-- Exercise directions --
Reproduce the data below exactly as written. Pictures do not belong in the copy.

-- Stored data --
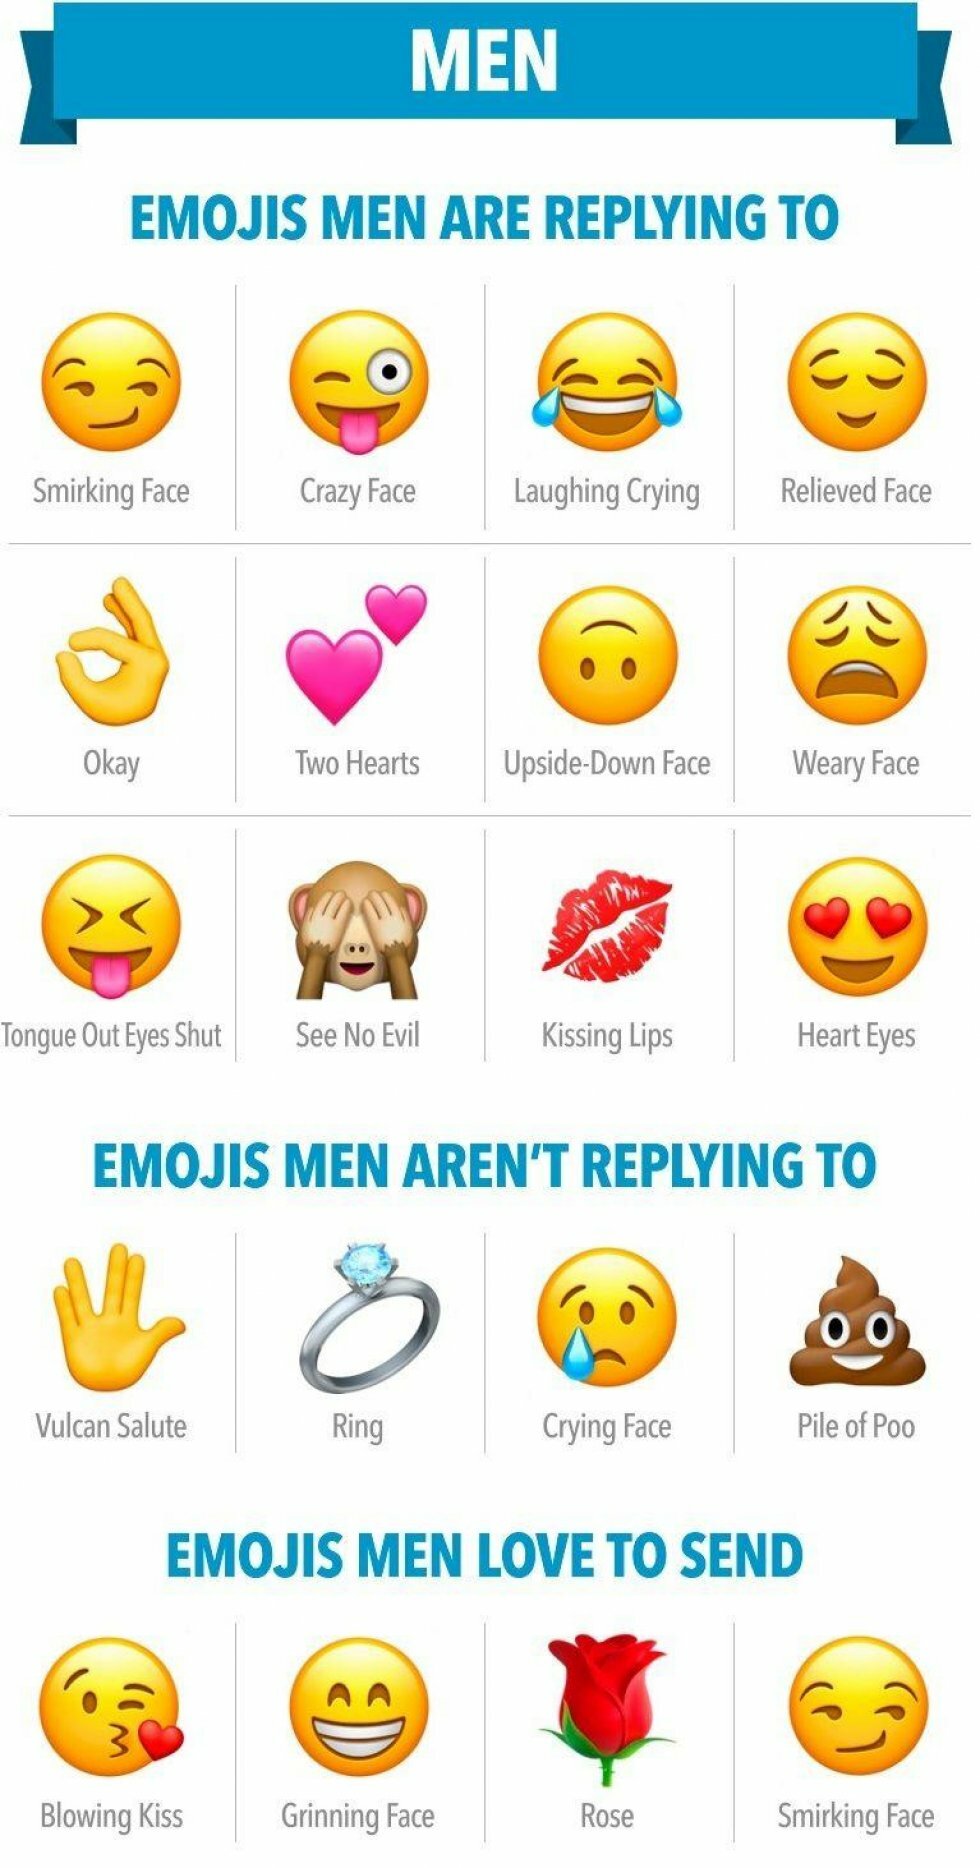 Clover.co - Disse emojis skal du bruge hvis du vil score
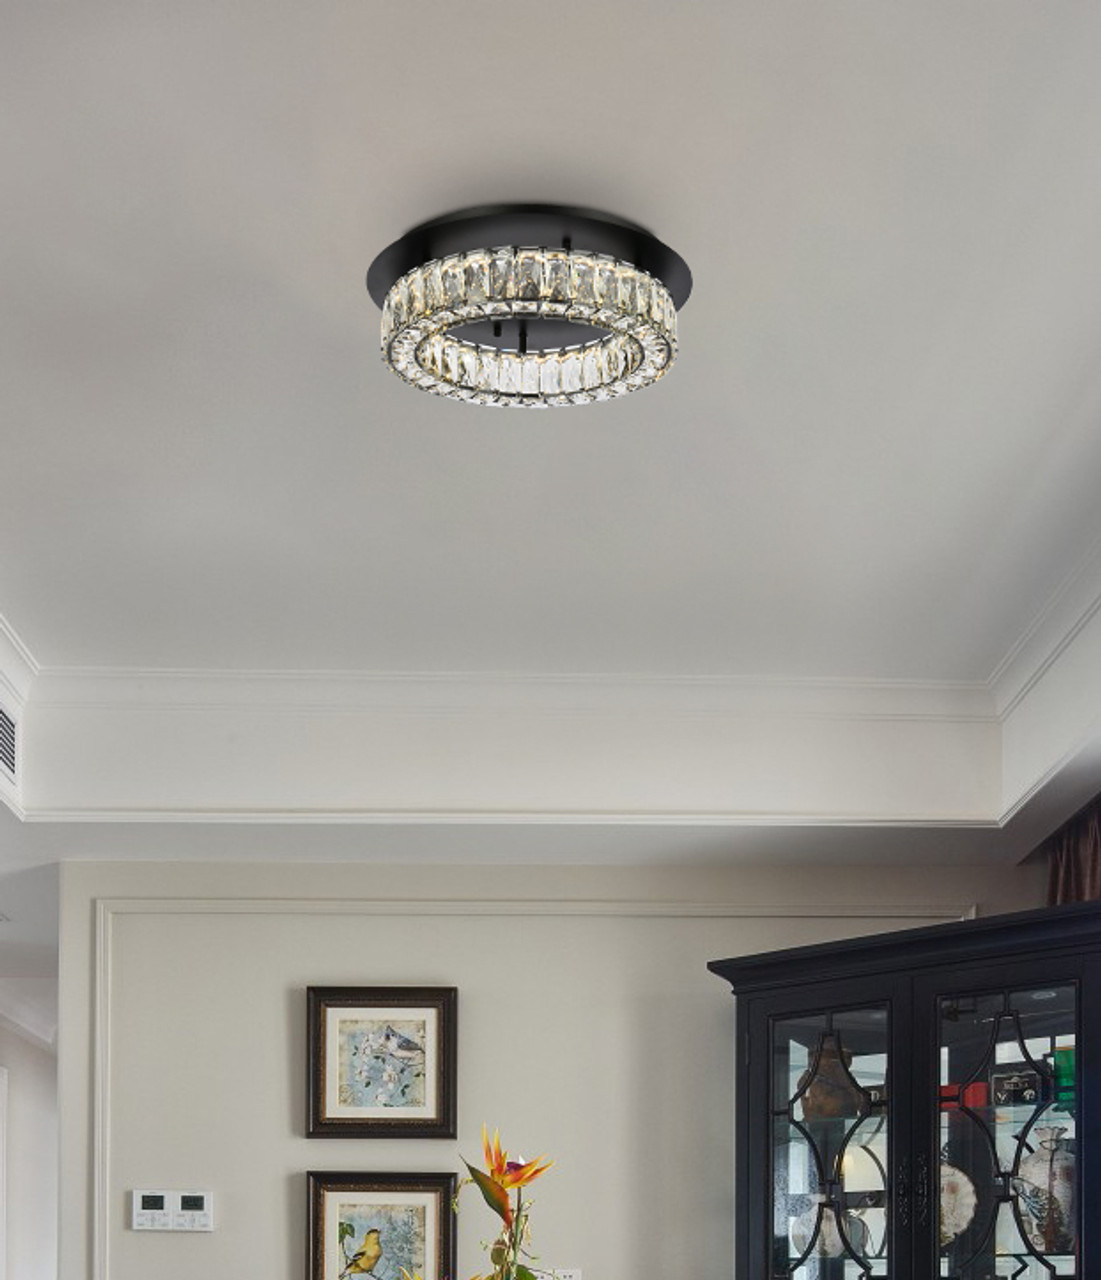 Elegant Lighting 3503F18BK Monroe 18 inch LED Single flush mount in black
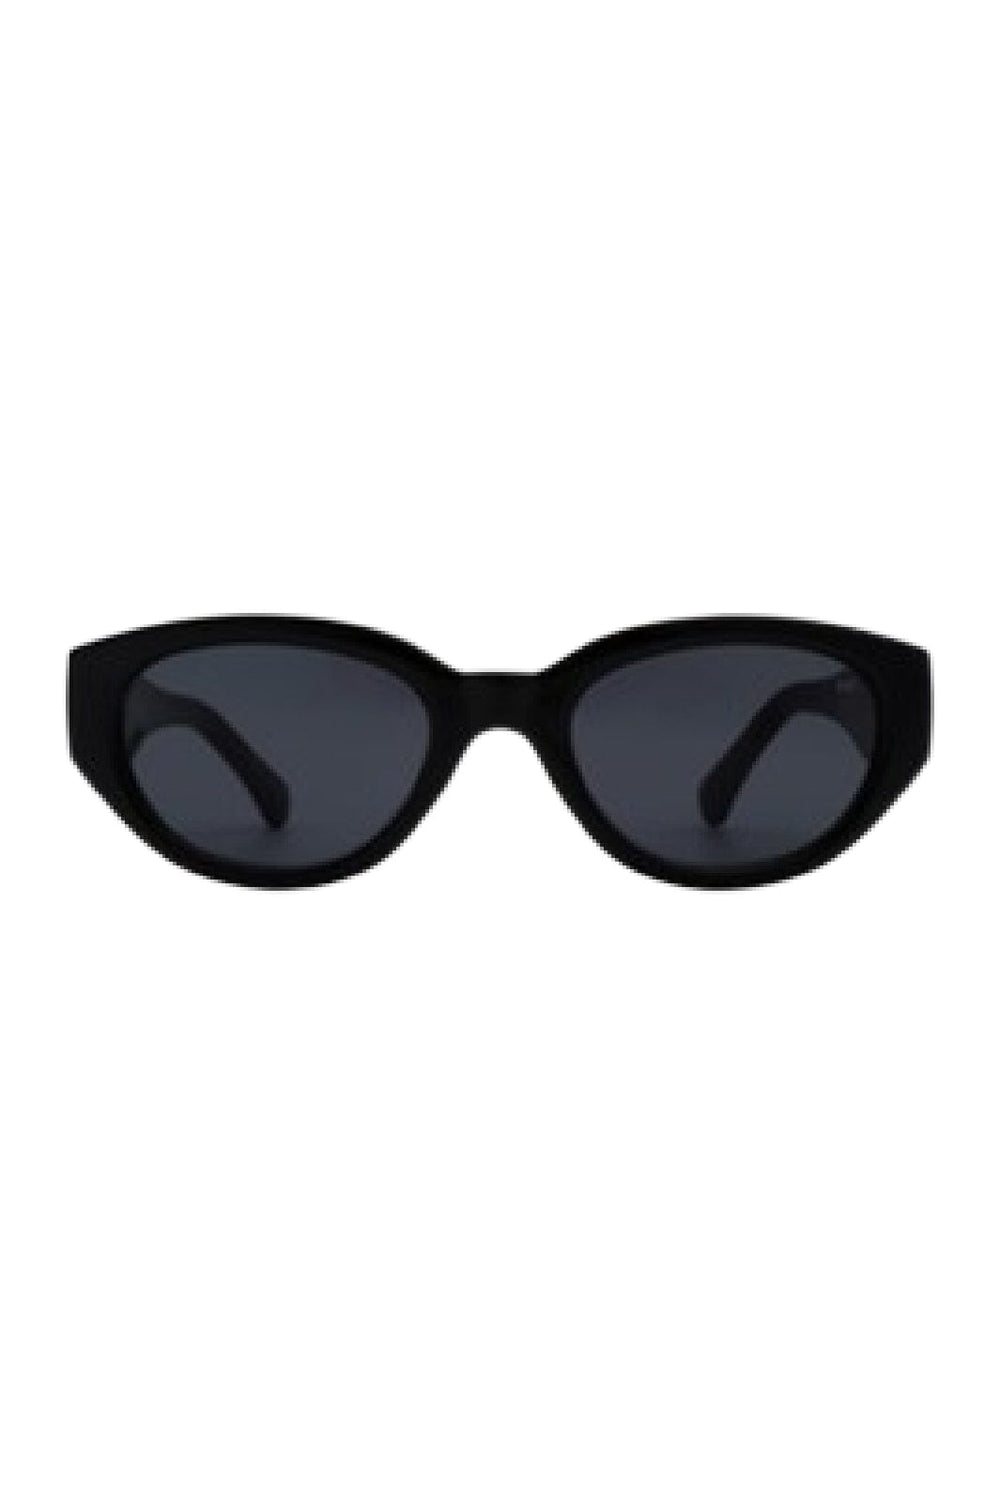 A. Kjærbede - Winnie - Black Solbriller 
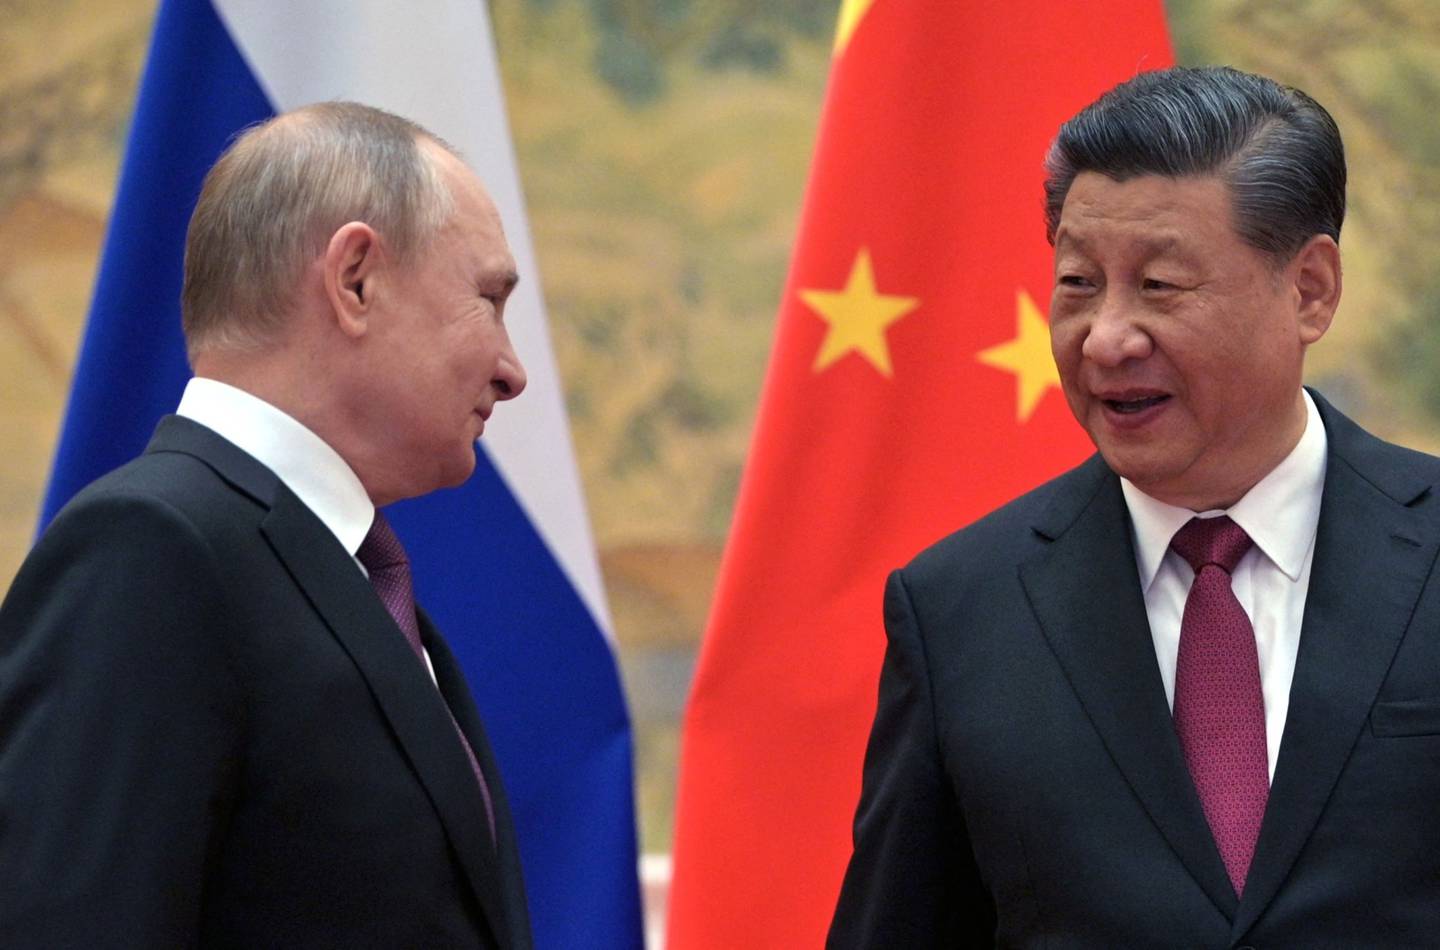 El presidente ruso Vladimir Putin (izq.) y el presidente chino Xi Jinping llegan para posar para una fotografía durante su reunión en Pekín, el 4 de febrero de 2022.  Fotógrafo: Alexei Druzhinin/Sputnik/AFP/Getty Images

-- Solution to the problem --
 Clover.co - Disse emojis skal du bruge hvis du vil score
 Elegant Lighting 3503F18BK Monroe 18 inch LED Single flush mount in black
 A. Kjærbede - Winnie - Black Solbriller 
 El presidente ruso Vladimir Putin (izq.) y el presidente chino Xi Jinping llegan para posar para una fotografía durante su reunión en Pekín, el 4 de febrero de 2022.  Fotógrafo: Alexei Druzhinin/Sputnik/AFP/Getty Images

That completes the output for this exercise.